But there were other reasons why I was drawn to that rocky city, less romantic but no less real. For it was here in Edinburgh, around 50 years ago, that Arthur Conan Doyle had embarked on his medical and literary careers. Here he had trained at the University, and here he had published his first story. I saw Edinburgh entirely through Conan Doyle’s eyes, scanning its narrow side streets for evidence of crime, hanging around the Castle eyeing what I thought might be suspicious types—and, of course, eyeing the soldiers, who came and went in noisy, bekilted groups. Both Vince and I developed a taste for these rough and ready Scottish lads, and we occasionally invited one of them back to our lodgings for supper. The fact that I was American, and a doctor, seemed to make it easy for them to engage in acts that they might have thought disgusting otherwise. The money didn’t hurt, either.
The only crimes I stumbled across in Edinburgh were, alas, those committed by Vince and myself and our occasional guests in our apartment on Nicolson Street—and we made very sure that there were no snooping “detectives” around when we got down to those particular felonies. That aside, life rolled along without incident; I did well at the hospital, and Vince did well at the publishers, we made some good friends, enjoyed plays and concerts and long walks on weekends. It was an agreeable existence, illuminated by our deepening love for each other, and by our regular, inventive, and extremely athletic sex life.
But once a sleuth, always a sleuth—or so I told myself. My brush with crime in Drekeham Hall, and my brilliant (I thought) methods of discovering the villain, had given me an appetite for amateur detection that was far from satisfied. I slaked it on detective fiction, of which there was no shortage. I devoured every new Agatha Christie as it appeared,
and had become completely obsessed by the personality and methods of her detective hero, Hercule Poirot, the fastidious Belgian with the superfluity of “little grey cells.” I loved, also, Lord Peter Wimsey, the gorgeous aristocratic hero of Dorothy L. Sayers’s novels—and I fantasized, while reading about his deeds, about how this blond athlete might take to a dark-haired, muscular, American assistant with specialized medical knowledge. We could do great things together…
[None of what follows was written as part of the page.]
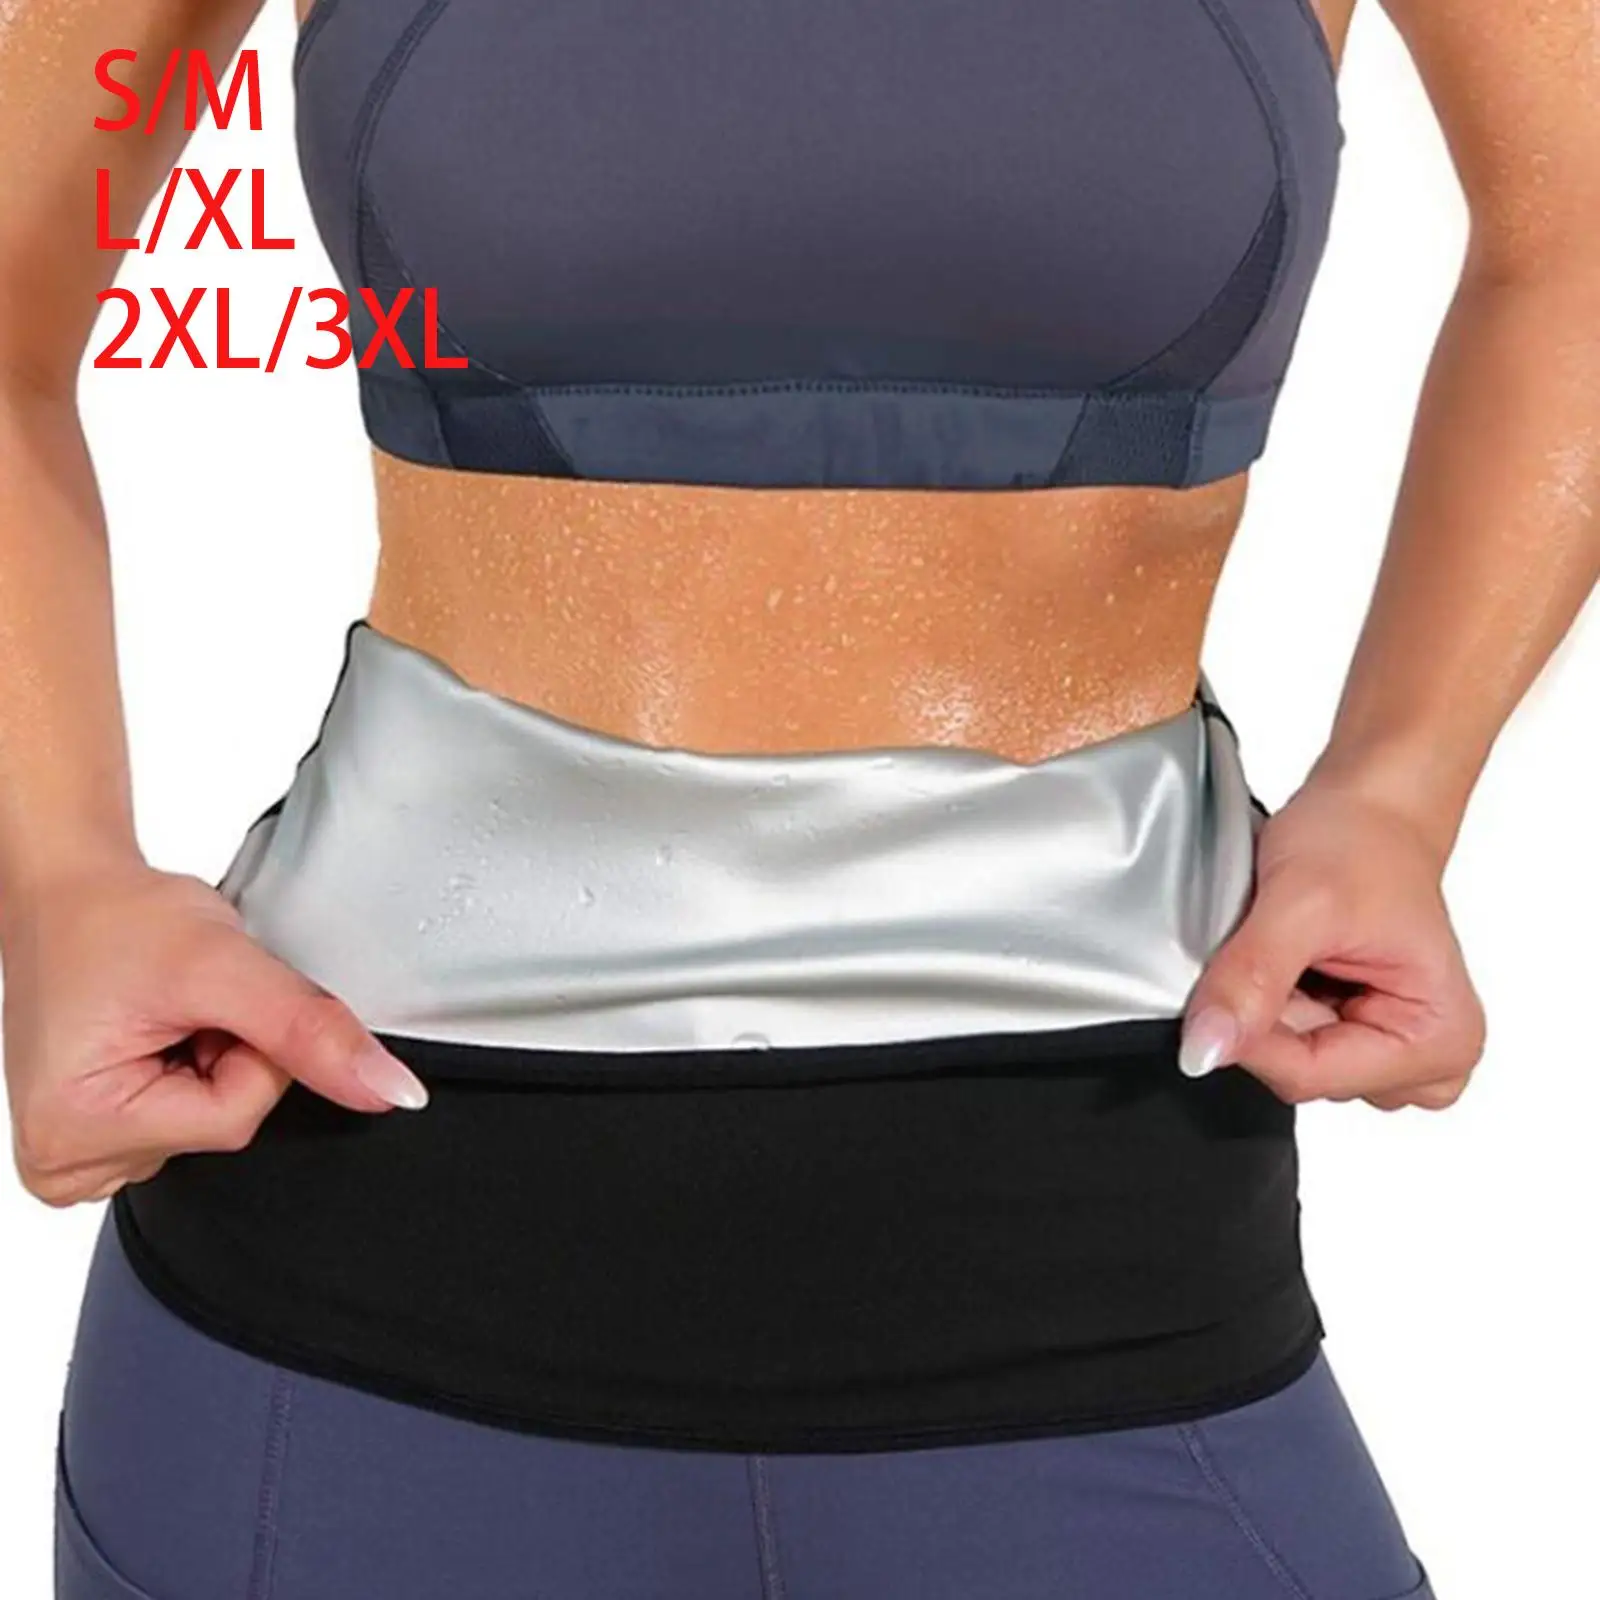 Sweat Waist Trimmer Activewear Low Back and Abdominal Support Waist Cincher for Workout Exercise Yoga Indoor Outdoor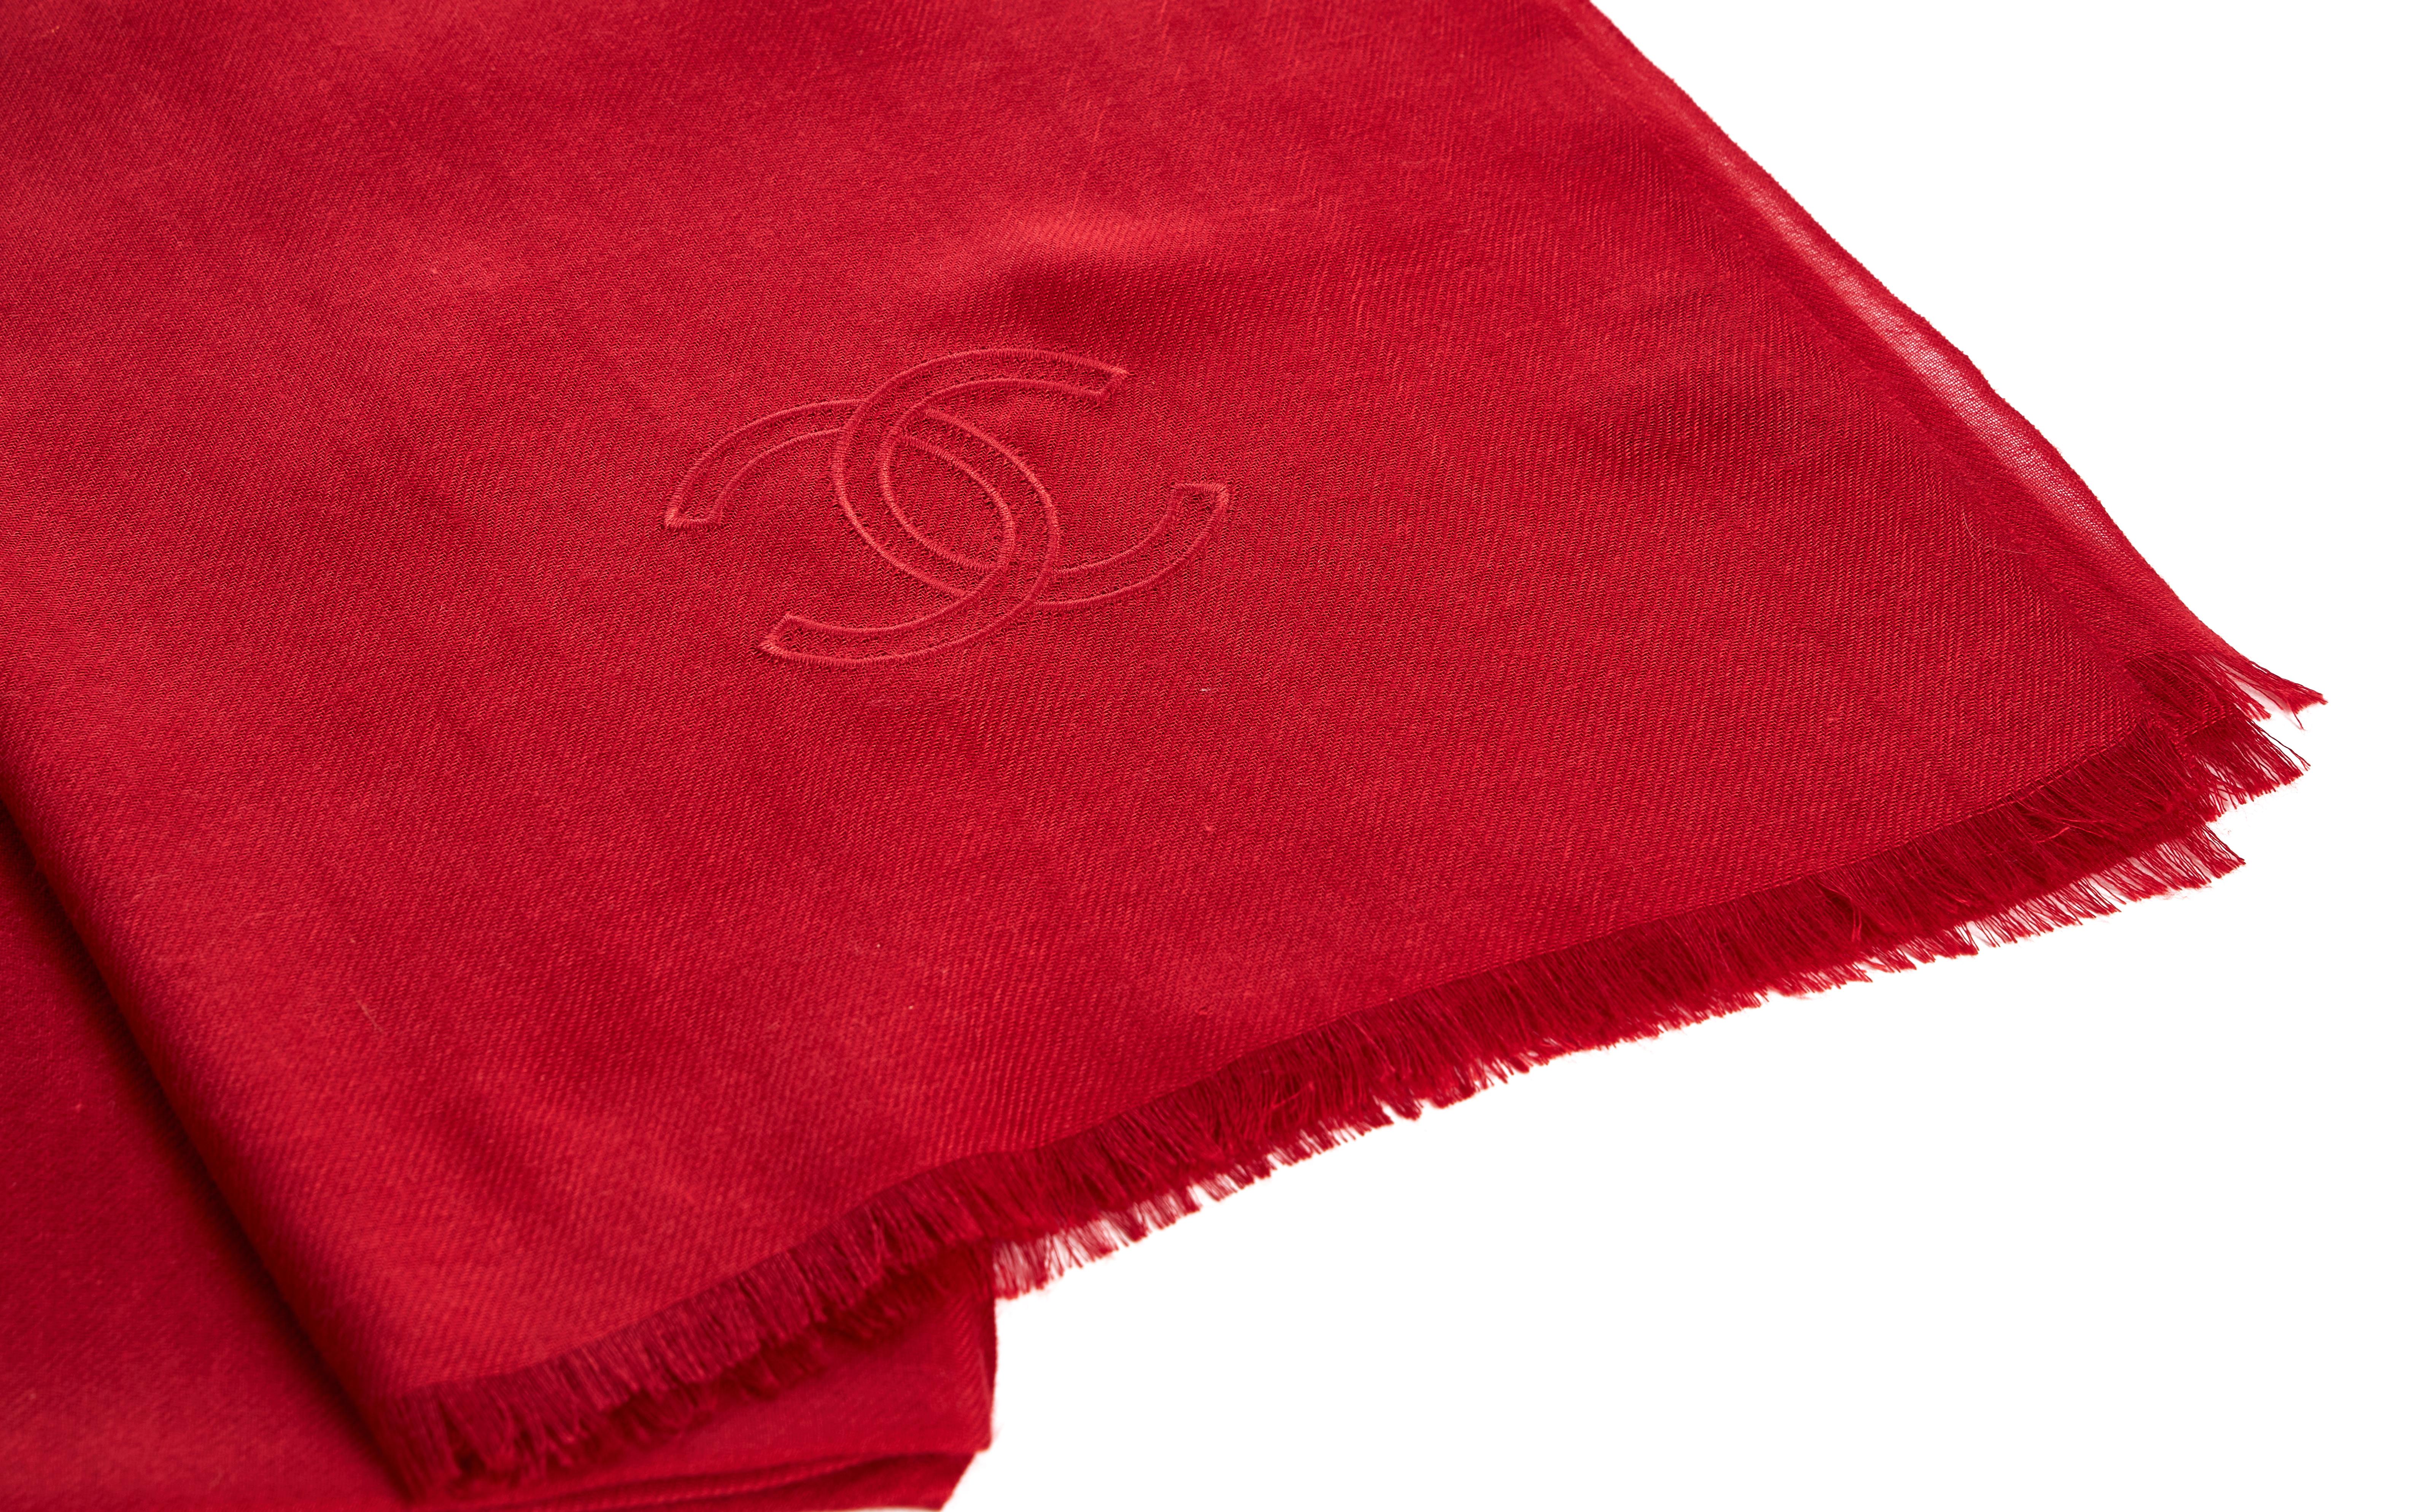 Chanel brand new red cashmere shawl with cc embroidered logo. 70% cashmere, 30% silk. Comes with original care tag.

My family kept me supplied with lurid crime magazines, the covers of which adorned our walls. Conan Doyle I still revered and reread, and found all sorts of erotic undertones in his novels and stories which I’m sure would have disgusted him, but which delighted me. Vince said that he half expected to find me masturbating over Sherlock Holmes novels, so intently did I read them—and, although I laughed it off, it was in fact true. I had frequently read between the lines so deeply that I would finger myself just as Holmes and Watson fingered the villain, shooting my load as the police shot their guns. Detection and erection did more than rhyme, in my book.
While my medical career was going according to plan—in another year I’d be fully qualified—my detective career had stalled. Without crime there could be no detection, and Edinburgh seemed to be a sort of crime-free Utopia. I suspected all sorts of villainy, and Vince often accused me, with good reason, of deliberately seeing the worst in people just to feed my own appetite for mystery. However, I have always believed that readiness and preparation are the key to success in life, so I kept my powers of observation and “deductive reasoning,” as Holmes would have it, in good order.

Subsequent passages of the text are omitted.